Tumor metastasis is a crucial impediment to the treatment of gastric cancer (GC), and the epithelial-to-mesenchymal transition (EMT) program plays a critical role for the initiation of GC metastasis. Thus, the aim of this study is to investigate the regulation of lnc-CTSLP4 in the EMT process during GC progression. We found that lnc-CTSLP4 was significantly downregulated in GC tumor tissues compared with adjacent non-tumor tissues, and its levels in GC tumor tissues were closely correlated with tumor local invasion, TNM stage, lymph node metastasis, and prognosis of GC patients. Loss- and gain-of-function assays indicated that lnc-CTSLP4 inhibited GC cell migration, invasion, and EMT in vitro, as well as peritoneal dissemination in vivo. Mechanistic analysis demonstrated that lnc-CTSLP4 could bind with Hsp90α/heterogeneous nuclear ribonucleoprotein AB (HNRNPAB) complex and recruit E3-ubiquitin ligase ZFP91 to induce the degradation of HNRNPAB, thus suppressing the transcriptional activation of Snail and ultimately reversing EMT of GC cells.
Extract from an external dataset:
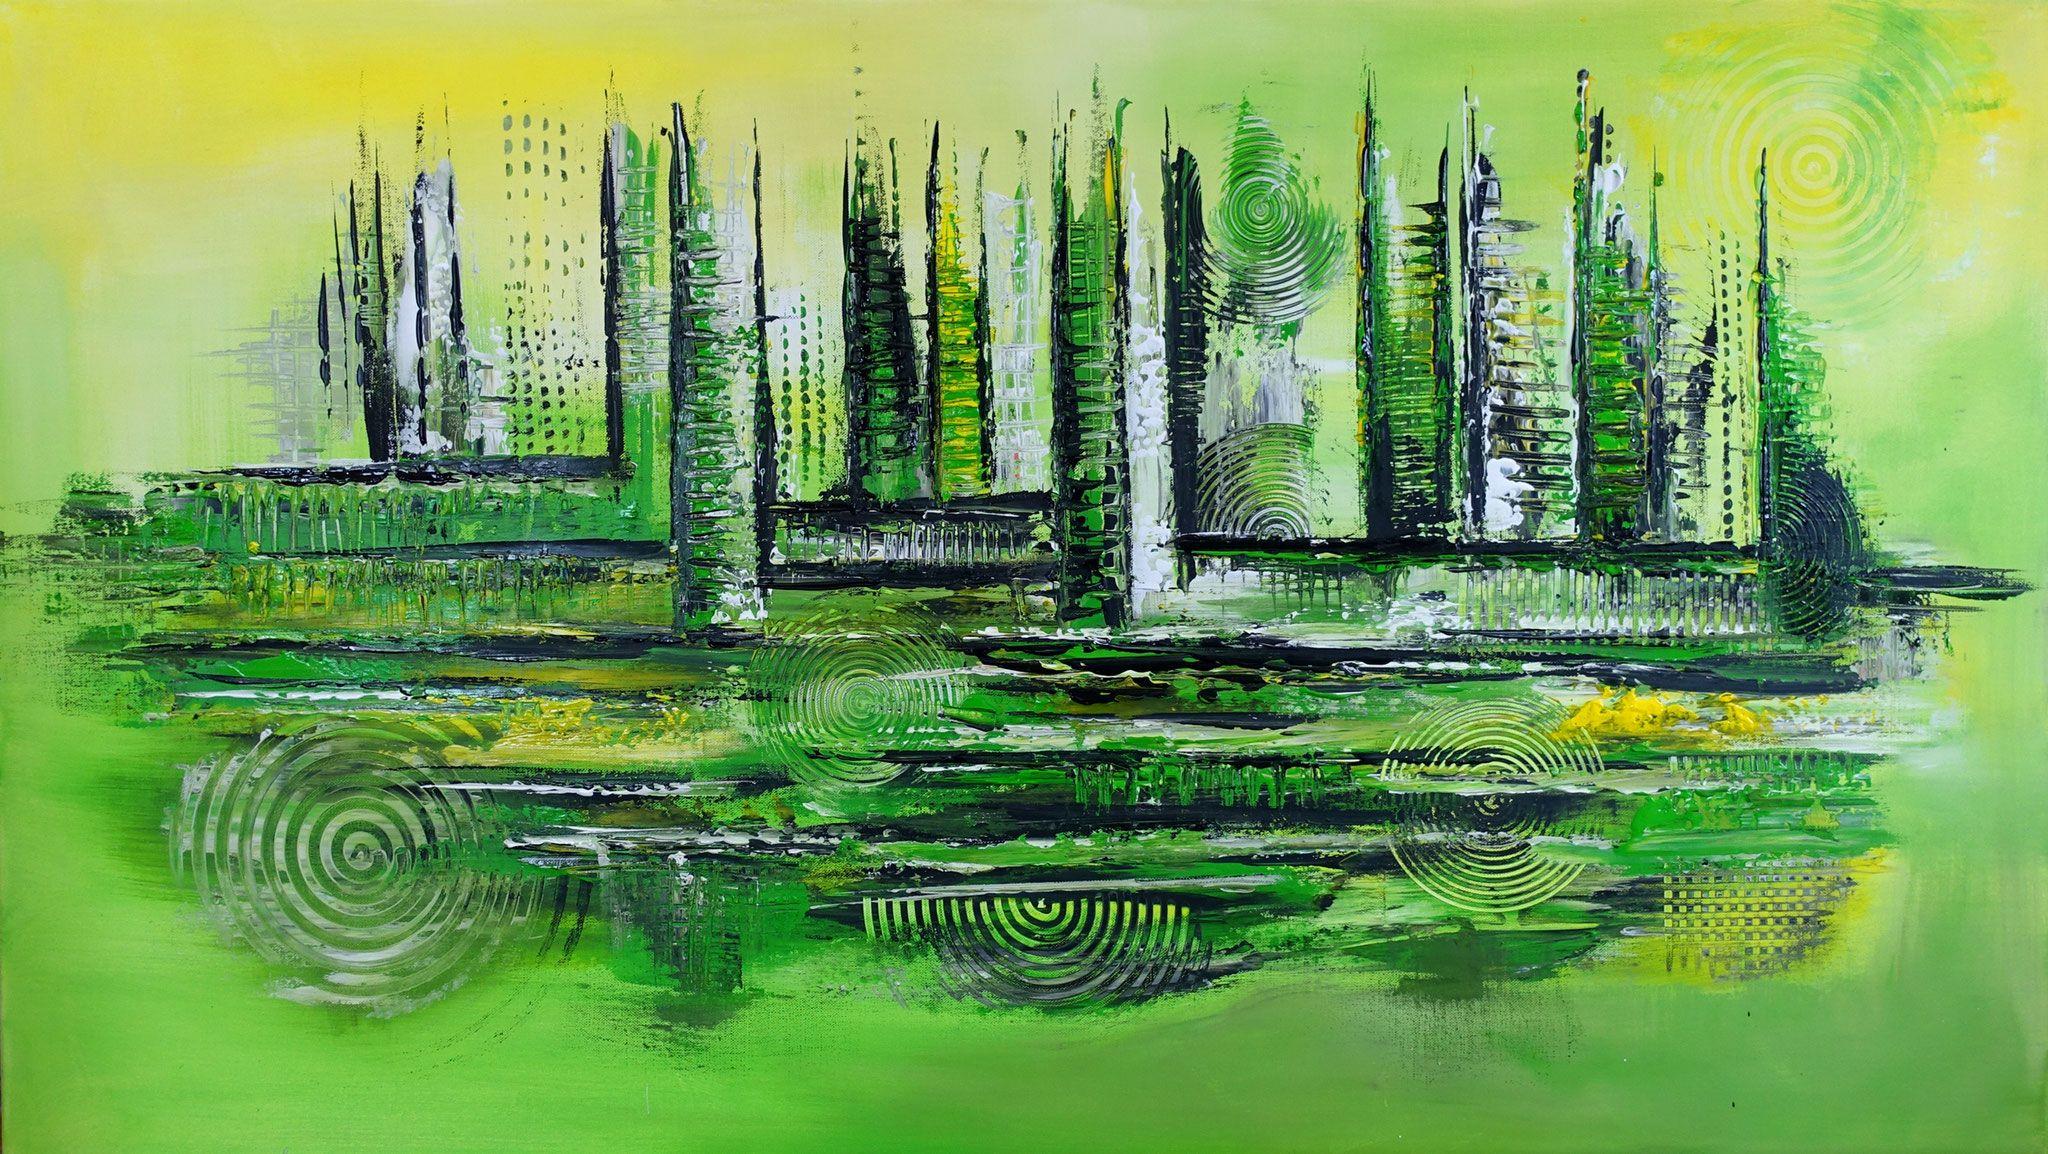 abstraktes leinwandbild grun grau unikat original gemalde ori abstrakte malerei leinwandbilder abstrakt geometrische abstraktion künstler kunst rot schwarz

Taken together, our results suggest that lnc-CTSLP4 is significantly downregulated in GC tumor tissues and inhibits metastatic potential of GC cells by attenuating HNRNPAB-dependent Snail transcription via interacting with Hsp90α and recruiting E3 ubiquitin ligase ZFP91, which shows that lnc-CTSLP4 could serve as a prognostic biomarker and therapeutic target for metastatic GC.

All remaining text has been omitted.